● **WHAT THE TASK REQUIRES**
Look below for the line holding "ESPN logo PNG image" and the line holding "Vertreter verschiedener indigener". Transcribe exactly those lines and all lines between them, nothing more.

● **RAW DATA**
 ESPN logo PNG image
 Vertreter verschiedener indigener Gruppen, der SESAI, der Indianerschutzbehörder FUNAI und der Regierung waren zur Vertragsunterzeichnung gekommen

* * *

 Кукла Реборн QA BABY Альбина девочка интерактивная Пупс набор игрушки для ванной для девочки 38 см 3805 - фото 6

* * *

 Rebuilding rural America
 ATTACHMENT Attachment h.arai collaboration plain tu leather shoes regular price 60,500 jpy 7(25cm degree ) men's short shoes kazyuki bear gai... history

● **FINISHED EXERCISE**
 ESPN logo PNG image
 Vertreter verschiedener indigener Gruppen, der SESAI, der Indianerschutzbehörder FUNAI und der Regierung waren zur Vertragsunterzeichnung gekommen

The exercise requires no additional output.